Postby Wombaticus Rex » Sun Sep 01, 2013 11:15 am

And Lo! ... mere minutes later, a salient data point rears its ugly domepiece:

http://motherboard.vice.com/blog/will-r ... ent-a-cops

Will Robots Replace Rent-a-Cops?

Has a fear of robotics ever kept anyone from robbing banks? I'm not talking about the surveillance systems, laser-armed tripwires, noisy alarms, or automated locks on the doors. I'm talking about actual robots—an evolution of the ROOMBA Vacuum cleaner, but with legs, not cute, and definitely not something you want to rob.

Now, an EU-funded, £7.2 million ($11 million USD) collaborative project, called Strands, is underway in England to develop 4D, artificial intelligence for security and care applications. It aims to produce intelligent robo-sentinels that can patrol areas, and learn to detect abnormalities in human behavior. Could their project eventually replace security guards with robots? It looks possible.

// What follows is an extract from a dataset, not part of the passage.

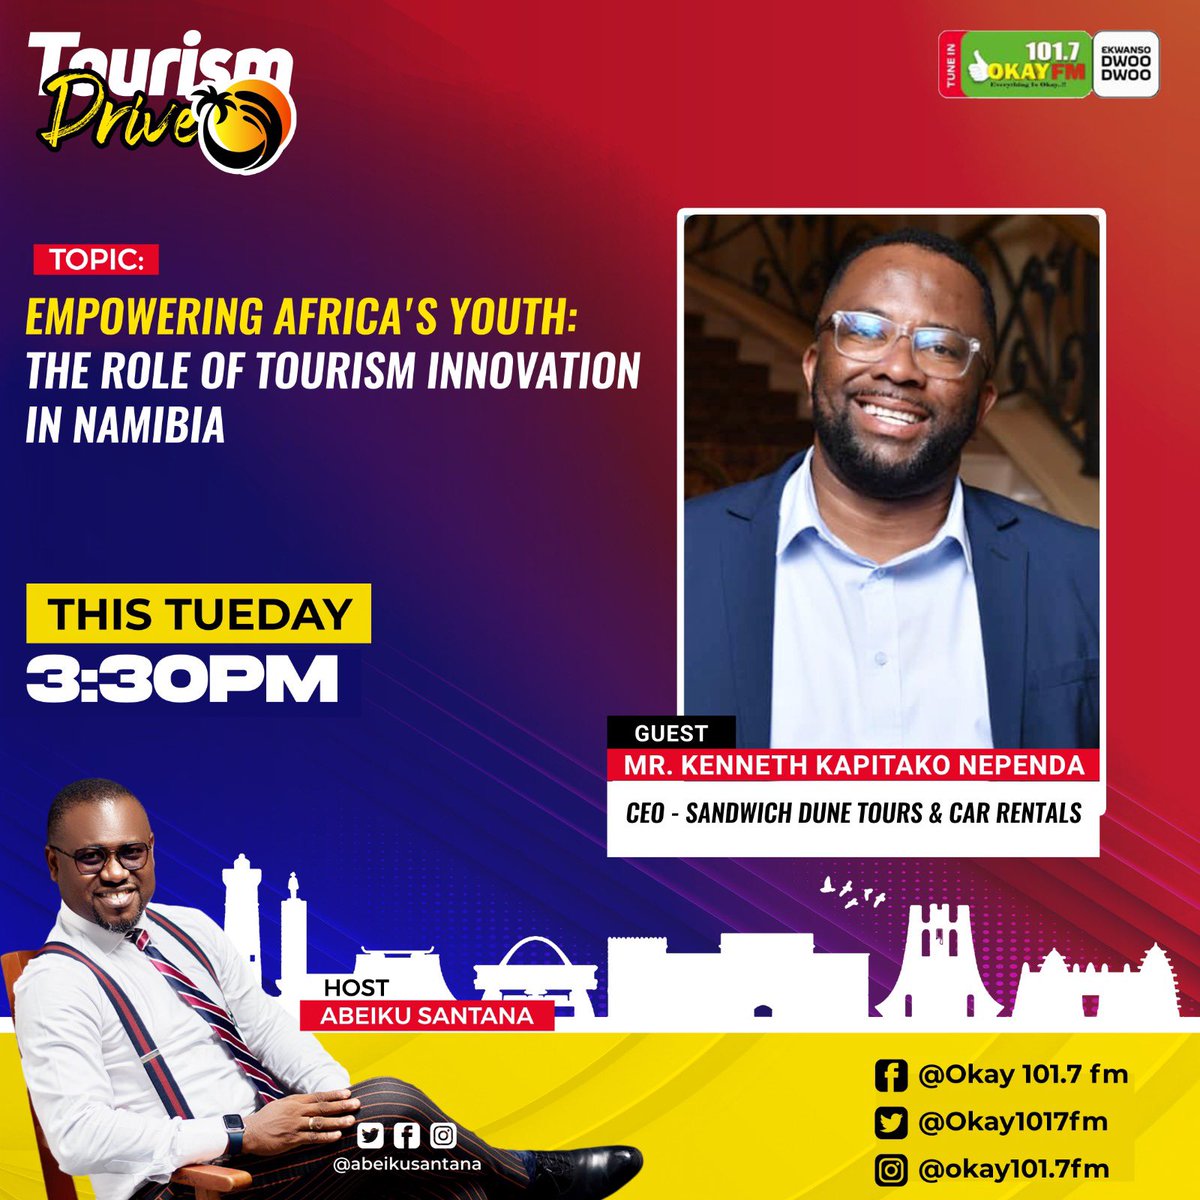 Join the conversation live on @Okay1017fm topic: Empowering Africa’s Youth : The role of Tourism Innovation in Namibia 🇳🇦 Our guest : Mr Kenneth Kapitako , the CEO of Sandwich Dune Tours , Car & Rentals #mrtourism #abeikusantana #namibia #travelnamibia

Strands, as Nick Hawes of the University of Birmingham said, will "develop novel approaches to extract spatio-temporal structure from sensor data gathered during months of autonomous operation," to develop intelligence that can then "exploit [those] structures to yield adaptive behavior in highly demanding, real-world security and care scenarios."

Hawes explained the challenge of designing machines that can be utilized as genuine assistants, or real-life C3POs. "To do this," he said, "we must make great leaps forward in understanding how robots can understand their worlds using the information their sensors provide."

Tom Duckett, Director of the Lincoln Centre for Autonomous Systems Research, will take the helm on the research of creating 4D maps (like 3D, but in consideration of timelines). He explained:

The idea is to create service robots that will work with people and learn from long-term experiences ... In a security scenario a robot will be required to perform regular patrols and continually inspect its surroundings for variations from its normal experiences... We are trying to enable robots to learn from their long-term experience and their perception of how the environment unfolds in time. The technology will have many possible applications.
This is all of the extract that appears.